The Times offers up some standard-issue speculation as to what an Iraq civil war might entail, as if weren't already under way. One section reminded me of something I've been remiss in reiterating:
Some experts have advocated a negotiated breakup of Iraq into three main sectors for the main ethnic and religious groupings. But a violent crackup could not easily be kept stable.
It might well incite sectarian conflicts in neighboring countries and, even worse, draw these countries into taking sides in Iraq itself. Iran would side with the Shiites. It is already allied with the biggest Shiite militias, some of whose members seemed to be involved in the retaliatory attacks on Sunnis after the Shiite shrine bombing last week.
And Sunni countries like Saudi Arabia, Jordan and Kuwait would feel a need to defend Sunnis or perhaps to create buffer states for themselves along Iraq's borders. Turkey might also feel compelled to move in, to protect Iraq's Turkoman minority against a Kurdish state in the north.
If Iraq were to sink deeper into that kind of conflict, Baghdad and other cities could become caldrons of ethnic cleansing, bringing revenge violence from one region to another. Shiite populations in Lebanon, Kuwait and especially Saudi Arabia, where Shiites happen to live in the oil-rich eastern sector, could easily revolt. Such a regional conflict could take years to exhaust itself, and could force the redrawing of boundaries that themselves are less than 100 years old.
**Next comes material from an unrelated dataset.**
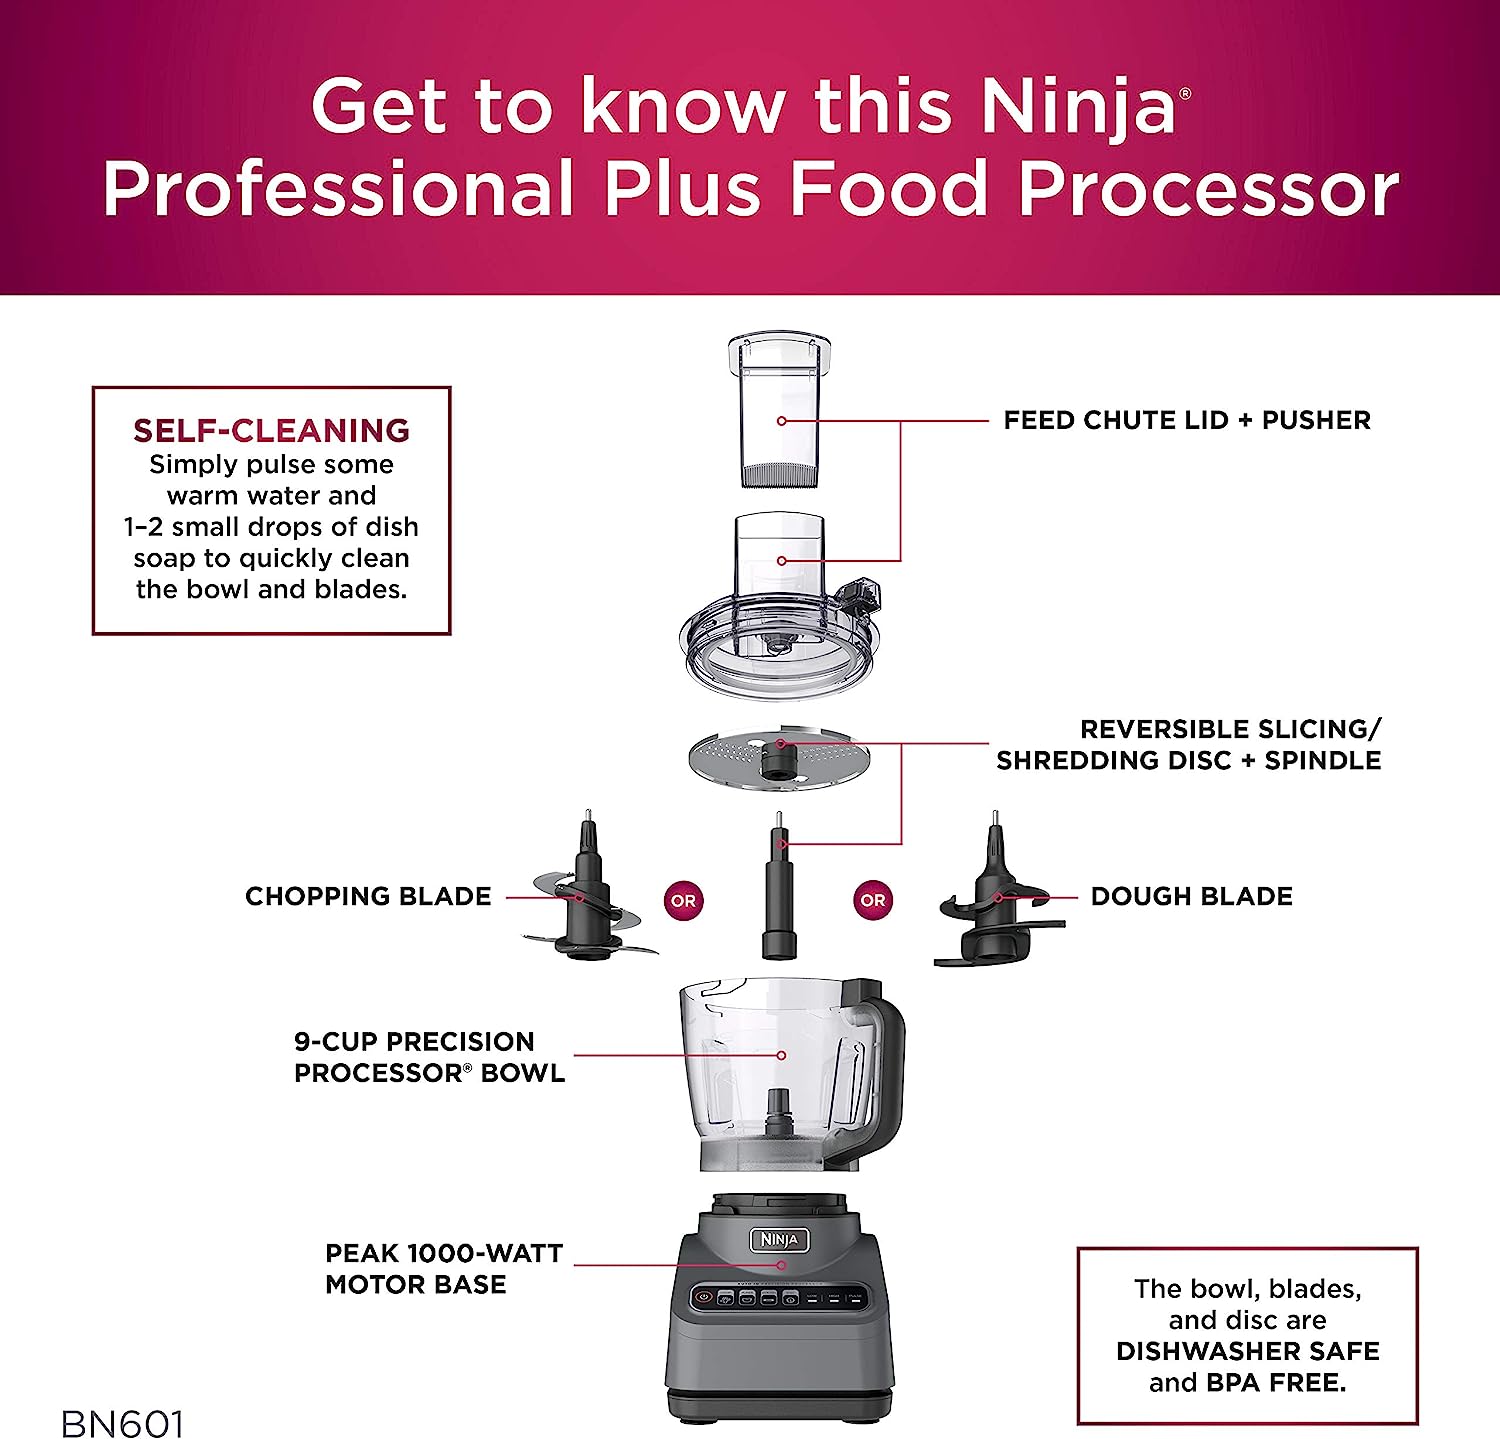 https://bigbigmart.com/wp-content/uploads/2023/08/Ninja-BN601-Professional-Plus-Food-Processor-1000-Peak-Watts-4-Functions-for-Chopping-Slicing-Purees-Dough-with-9-Cup-Processor-Bowl-3-Blades-Food-Chute-Pusher-Silver.-1.jpg

"A civil war in Iraq would be a kind of earthquake affecting the whole Middle East," said Terje Roed-Larsen, the special United Nations envoy for Lebanon and previously for the Israeli-Palestinian conflict. "It would deepen existing cleavages and create new cleavages in a part of the world that is already extremely fragile and extremely dangerous. I'm not predicting this will happen, but it is a plausible worst-case scenario."
Regional destabilization was one of the primary arguments against invasion from the outset, during that innocent summer of 2002 when we were all just debating the idea academically. And time and time again, I recall that one of the most frequent responses from the hardcore advocates of invasion, in the jargon of the technocrat, was that destabilization would not be a flaw, but a feature. Indeed, it was a cornerstone of the PNAC agenda. And it was easy to see where they were coming from, in abstract principle -- we were looking at a bunch of dictatorships run by inbred clans, keeping a lid on fundamentalist fanatics. Something had to give in the wake of 9/11. So far, so good.
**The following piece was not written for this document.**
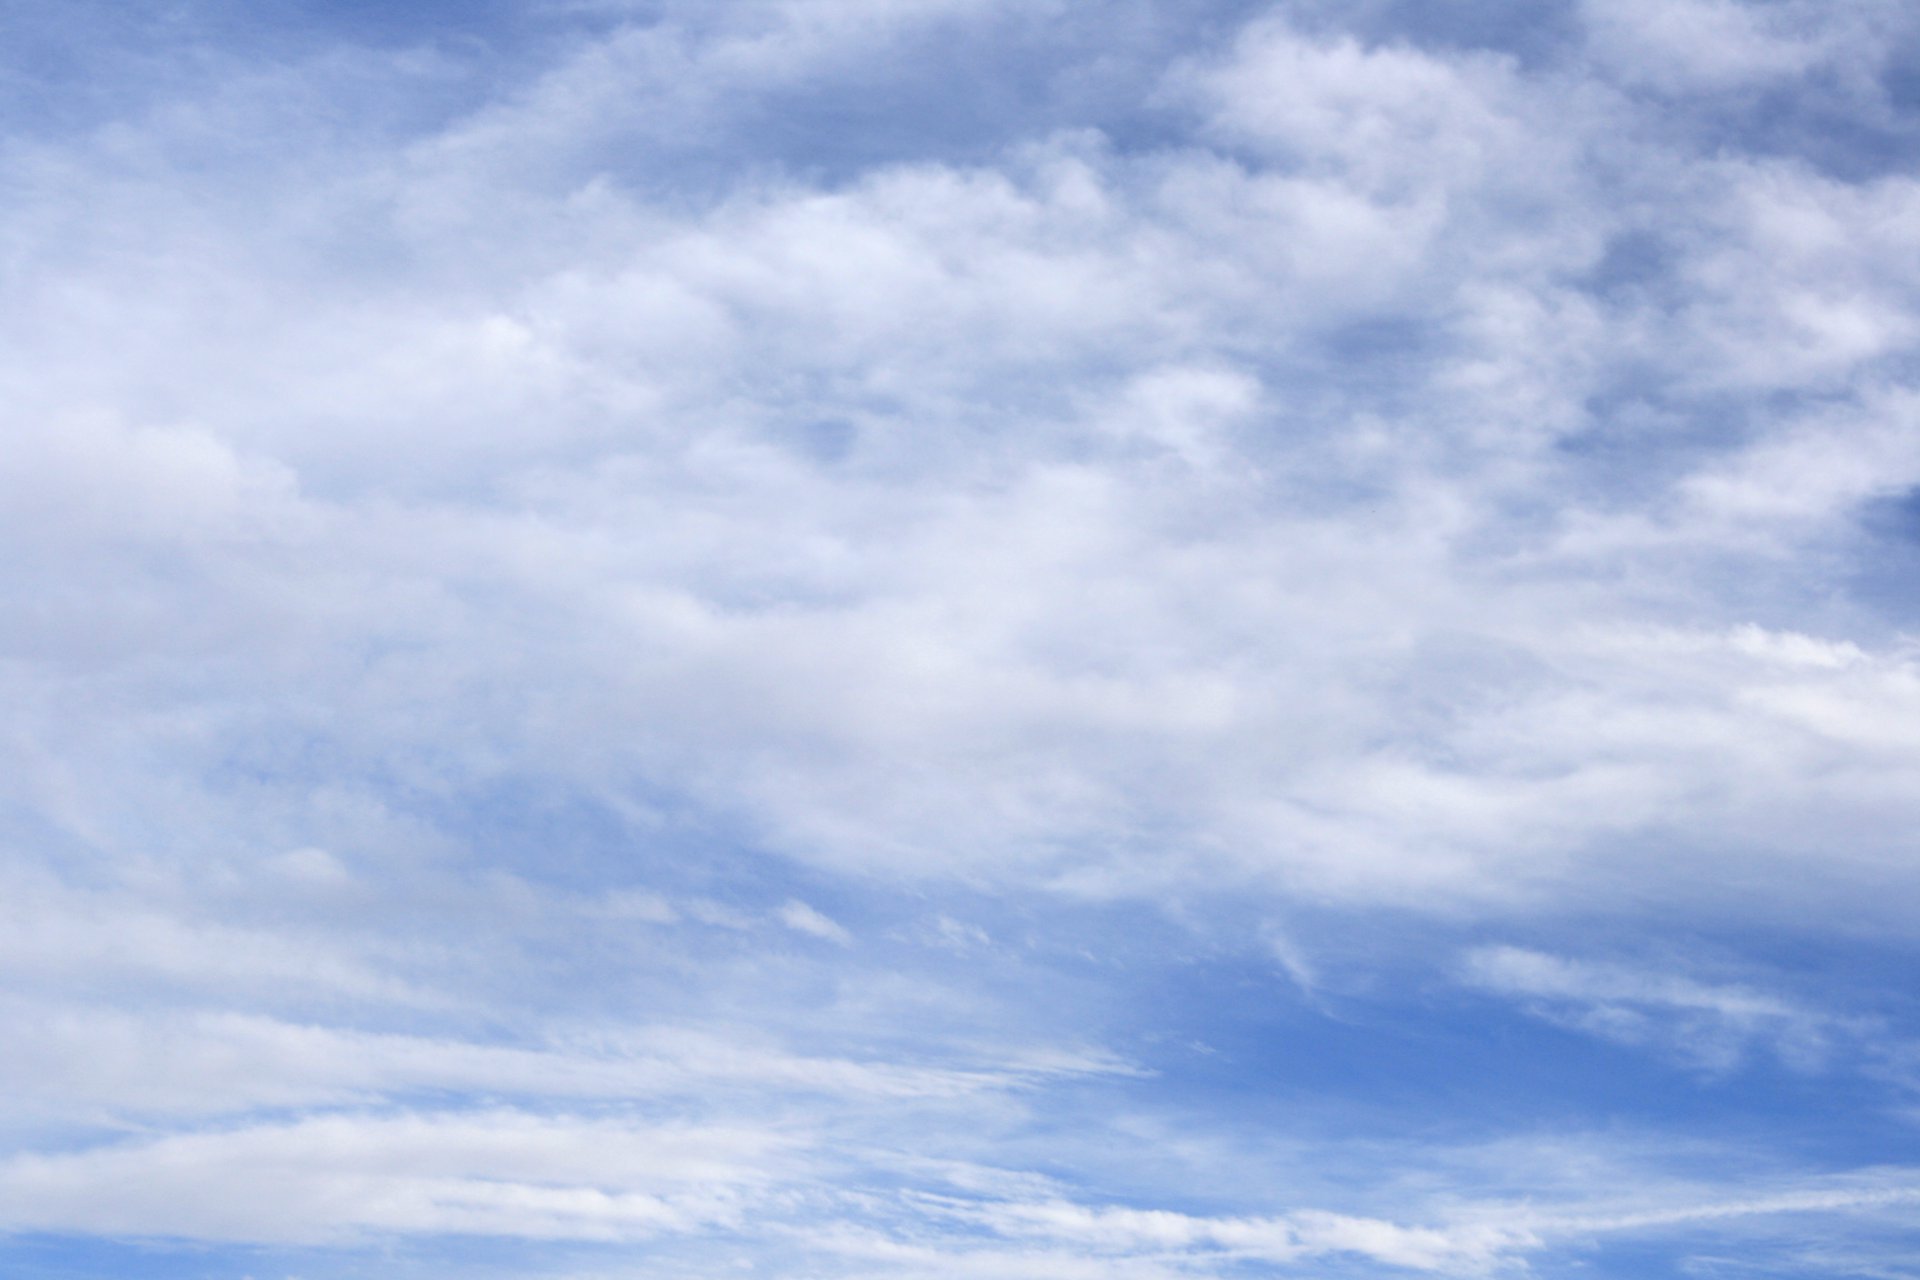 Blue Sky With Clouds Images - Free Images | Bodyshwasume Wallpaper

But the holy mission to motivate fanatics to unfuck themselves hit a snag -- it assumed for some reason that they couldn't possibly be more fanatical, or become organized in their fanaticism, or recruit ever more fanatics -- or hell, just retaliate out of nationalist sentiment. The premise was apparently that they would just be so instantly wowed by our winsome combination of massively superior firepower and moral clarity that they'd instantly surrender.
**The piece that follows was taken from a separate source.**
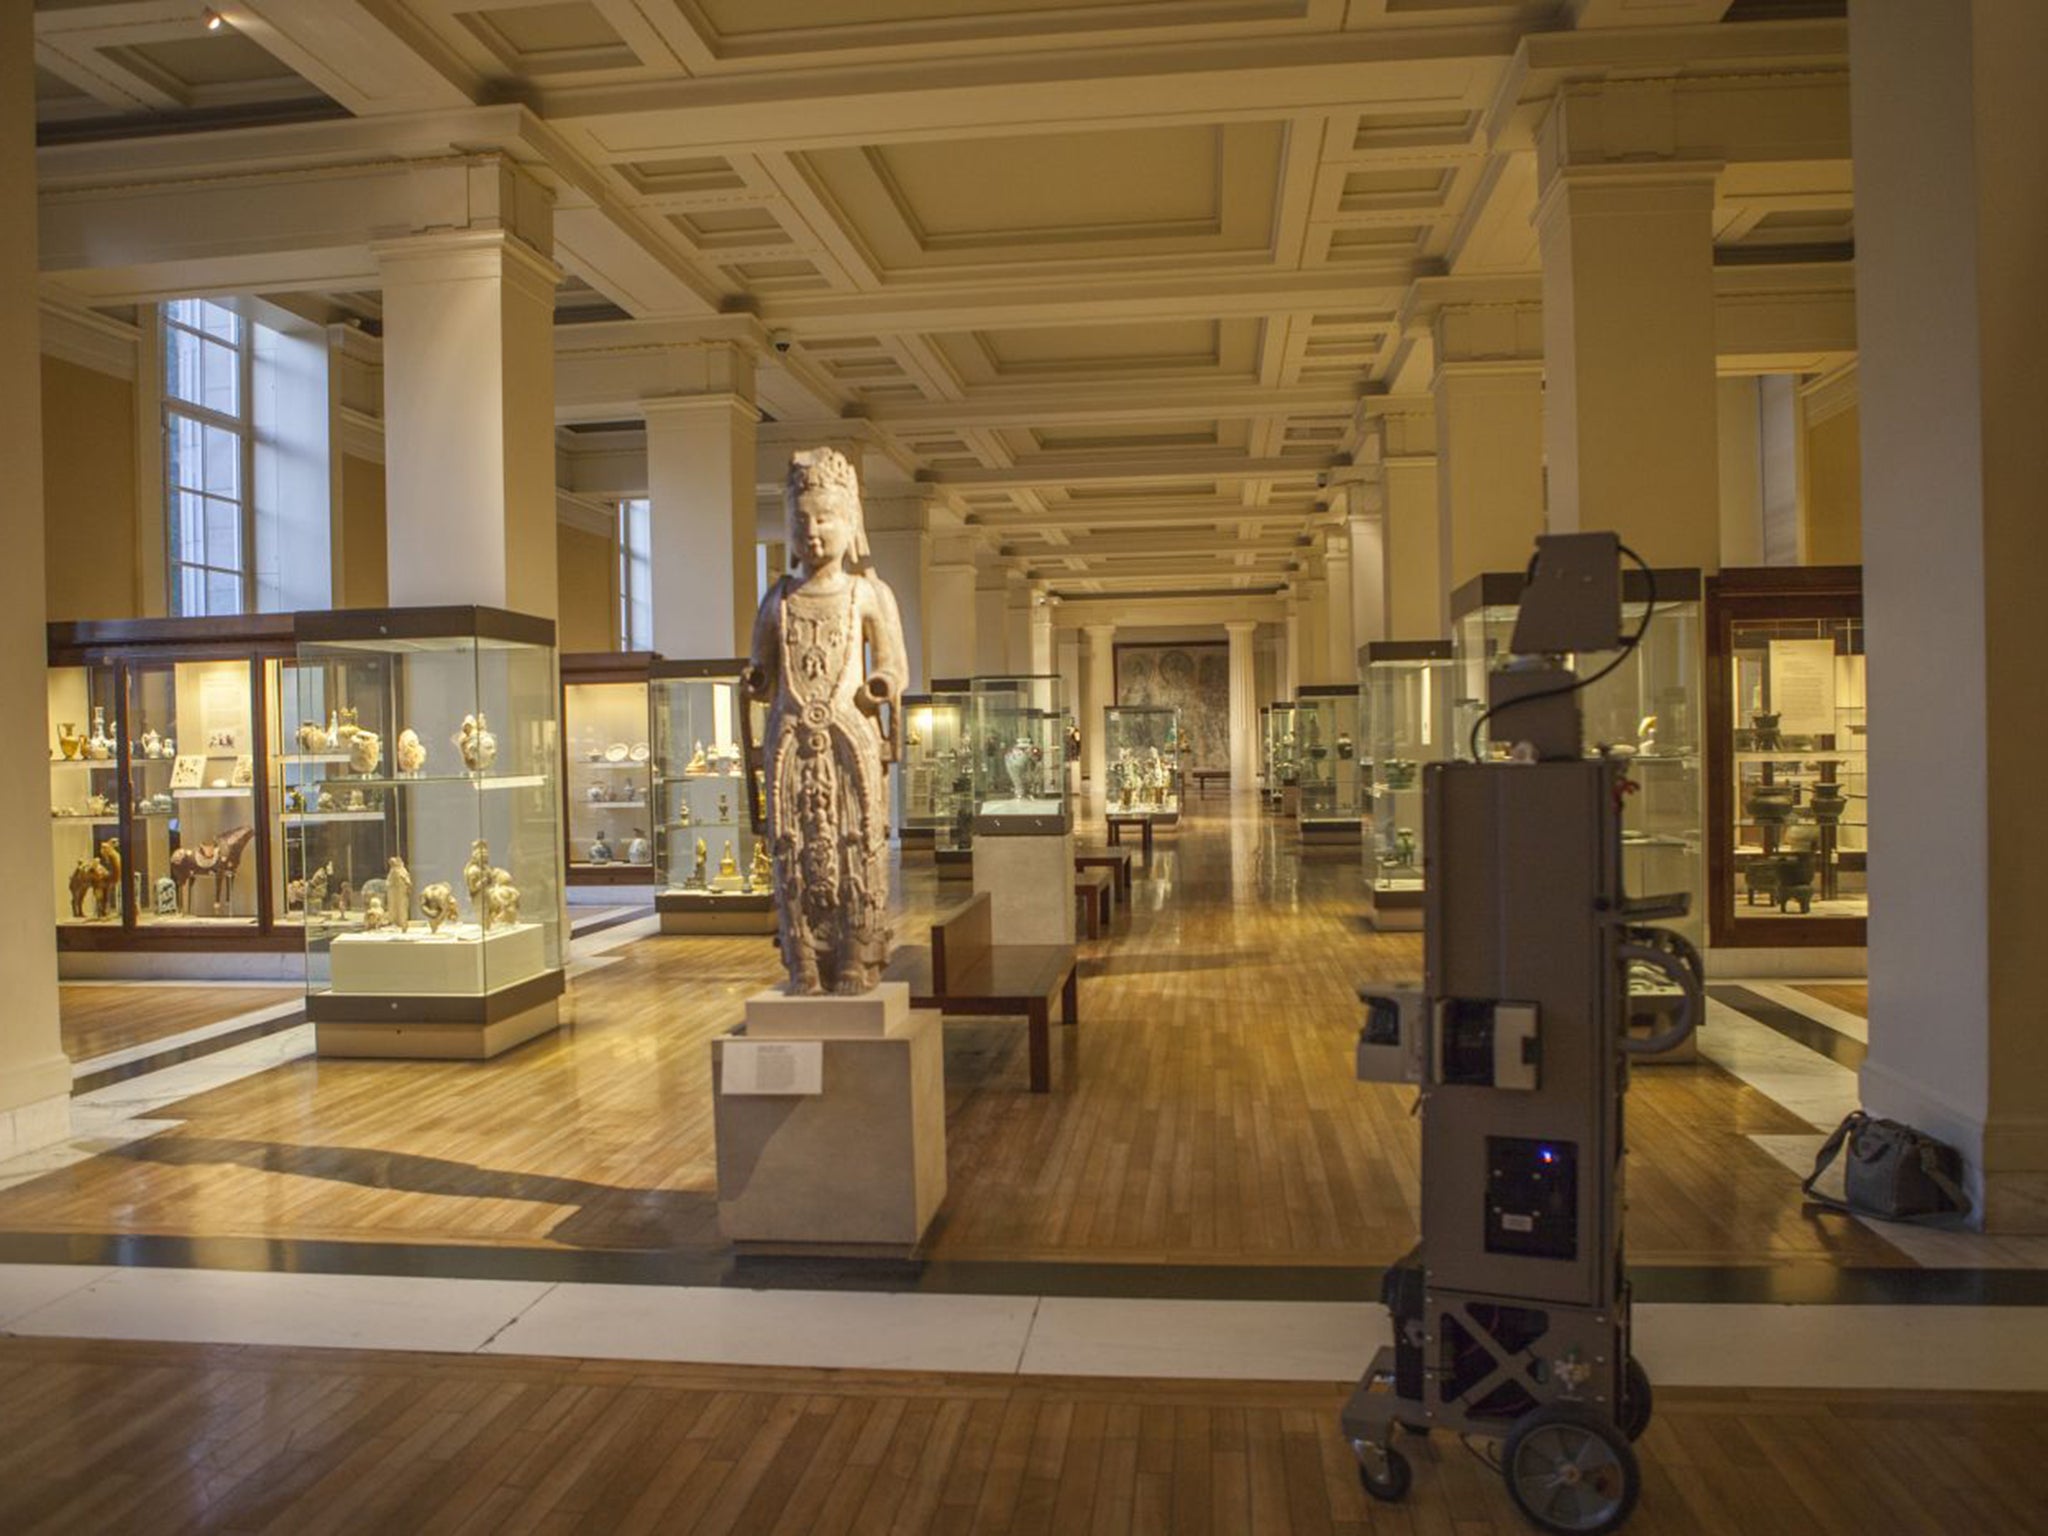 'Many of the British Museum's exhibits benefit from colonial looting in the distant past'

How's that been workin' for ya? Conservatives are now in disarray, as they try to decide amongst themselves whether we just haven't tried hard enough up to now (Kristol) or if we just need to learn when to hold 'em and when to fold 'em (Buckley, O'Reilly, George Fwill). And their figurehead has proven, even as he makes the rounds with the same speech he had in '02, that he was never up to the rigors of the job at hand, with or without starting a war.
Would that this lesson not have come at such an impossible cost in blood and treasure, but the movementarians are now inexorably sliding toward a chaos of thought, a collapsing of the Borg, if you will (and you might). It's about to get even more interesting, and not in a particularly good way.